Se tordant le cou à travers la haie pour découvrir ce qui justifiait ces hurlements, il aperçut son père au milieu de la cour qui braillait son prénom. L’enfant n’y voyait là rien d’étonnant. Il n’avait pas souvenir d’avoir entendu ce rustre lui parler sans beugler, ne serait-ce qu’une fois. Avec sa mère, ils n’avaient droit qu’à des remontrances. Les insultes fusaient du matin au soir, sept jours sur sept. Les vaches et les cochons étaient mieux considérés, surtout qu’ils rapportaient quelque argent.

 

Christian sortit de son abri. Il approcha la tête basse, se préparant à recevoir une calotte pour ne pas avoir répondu assez vite. Il avança en se protégeant le visage, les bras levés au-dessus de la tête. Étonnamment, le vieux ne bougea pas.

 

Raymond, rouge de confusion et d’alcool mêlé, lui expliqua que la mère allait accoucher. Elle semblait se lamenter plus qu’à l’habitude.

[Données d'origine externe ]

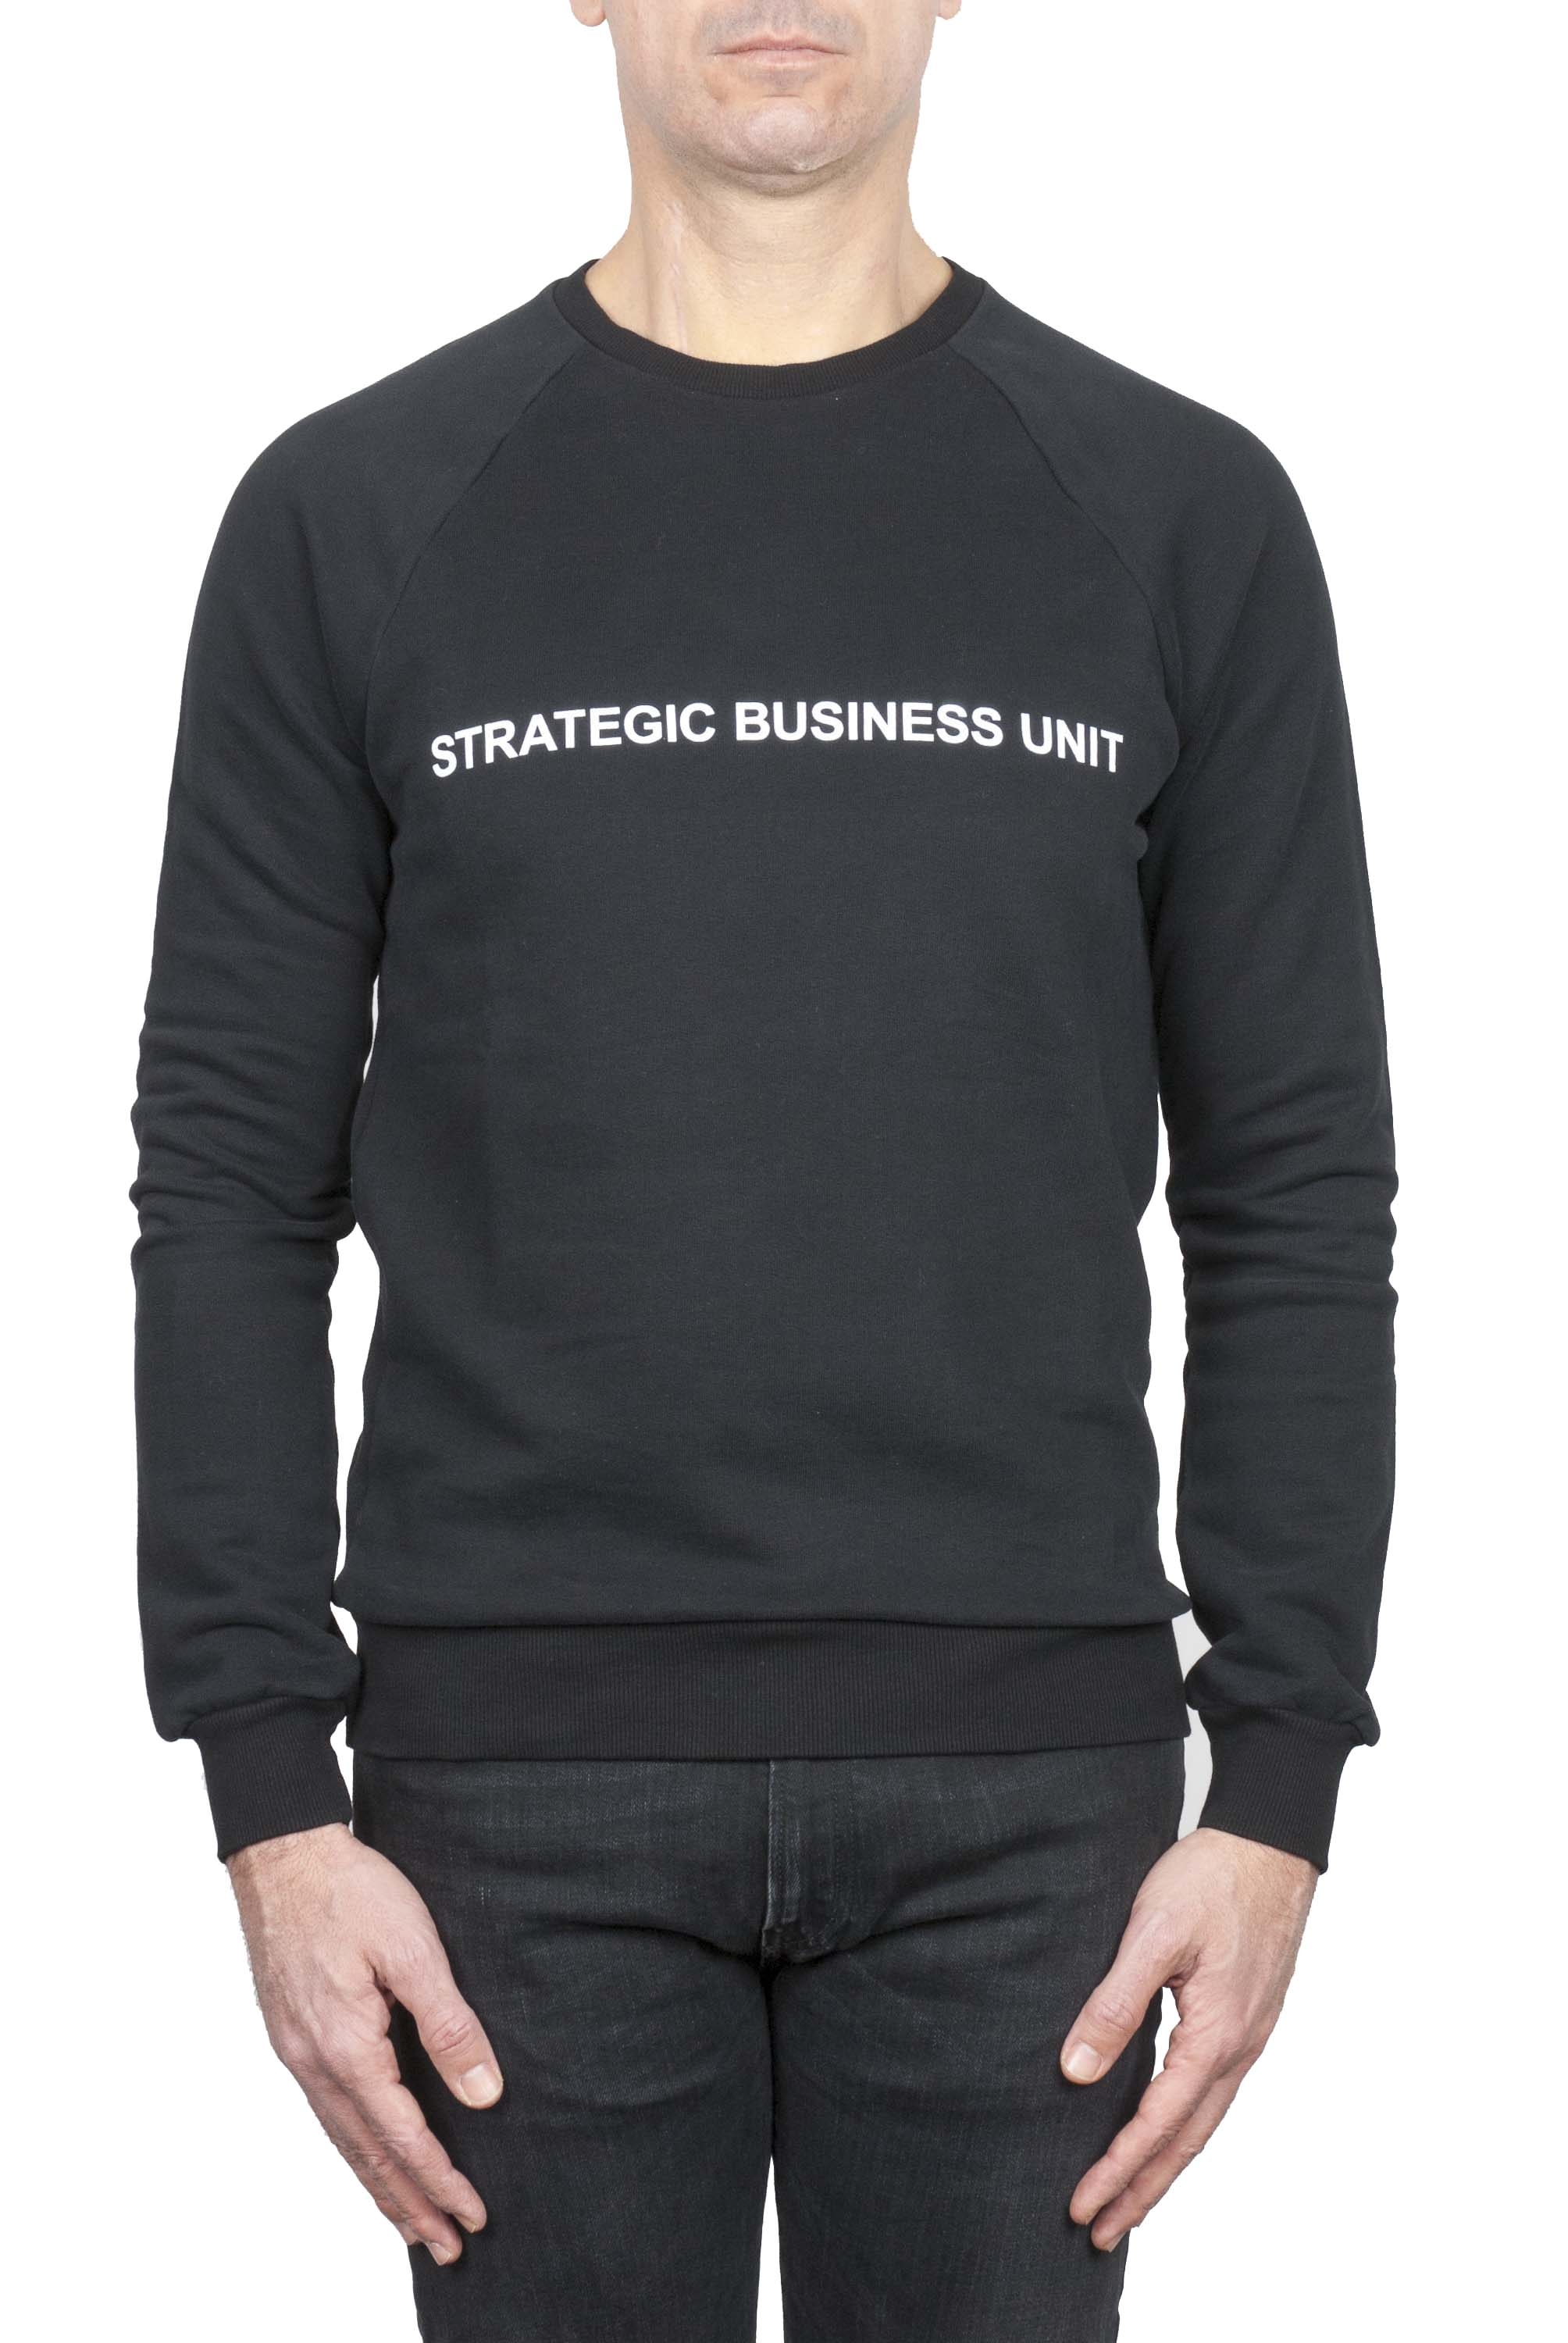 SBU 01467 Strategic Business Unit logo printed crewneck sweatshirt 01

À son avis, toute cette comédie n’était que des jérémiades de bonne femme. Néanmoins, il voulait que ces plaintes cessent. Il désirait que le médecin vienne la rassurer, en dépit du prix que l’intervention allait coûter. Christian devait aller le chercher d’urgence.

 Malgré sa pingrerie, il admettait que sa femme avait vieilli. Elle atteignait des âges peu conseillés pour enfanter. Elle lui avait déjà pondu deux mort-nés, même dans ses belles années. Cette fois encore, son état ne présageait rien de bon.

 

L’incident, auquel Christian ne comprenait pas grand-chose, le ravit. Ce n’était que dans les périodes difficiles que le tyran l’autorisait à quitter la ferme. Il pouvait alors utiliser un antique vélo qui végétait le long du mur de la grange. Le gamin courut pour s’en emparer, enfourcha le cycle, puis disparut sans attendre de plus amples explications.

 

Raymond, durant une fraction de seconde, sortit des brouillards de l’eau-de-vie et regarda le gosse s’éloigner sur la route. Christian était l’unique survivant de ses tentatives de procréation alcoolisées. Il réalisa à cet instant qu’il ne restera bientôt plus que lui pour assurer ses vieux jours.

 

L’enfant à naitre qui se présentait mal, Raymond se souvenait très bien des circonstances dans lesquelles il l’avait conçu. C’était sur la table de la cuisine.

En même temps, c’était là que se déroulait l’essentiel de ses activités. Ce jour-là, il se rappelait avoir surpris la mère à sourire au facteur lors du ballon de prune traditionnel. Il s’en était offusqué. Du coup, il avait décidé de lui remémorer qui était son maître. Le père ne connaissait que deux approches pour faire sentir sa désapprobation : les coups de pied ou le coït violent sur la toile cirée. La seconde méthode lui parut la plus souhaitable. La plupart du temps, il gardait l’autre technique pour son rejeton.

Concevoir que le ventre ravagé de Germaine ait pu féconder les vieilles graines du Raymond peut sembler difficile. C’était pourtant advenu.

 

La nature commet parfois des erreurs, preuve que Dieu ne peut se prétendre infaillible, ou que le malheur de ses sbires l’amuse. En tout cas, la mère était pleine et arrivait à terme. Or l’affaire tournait au drame.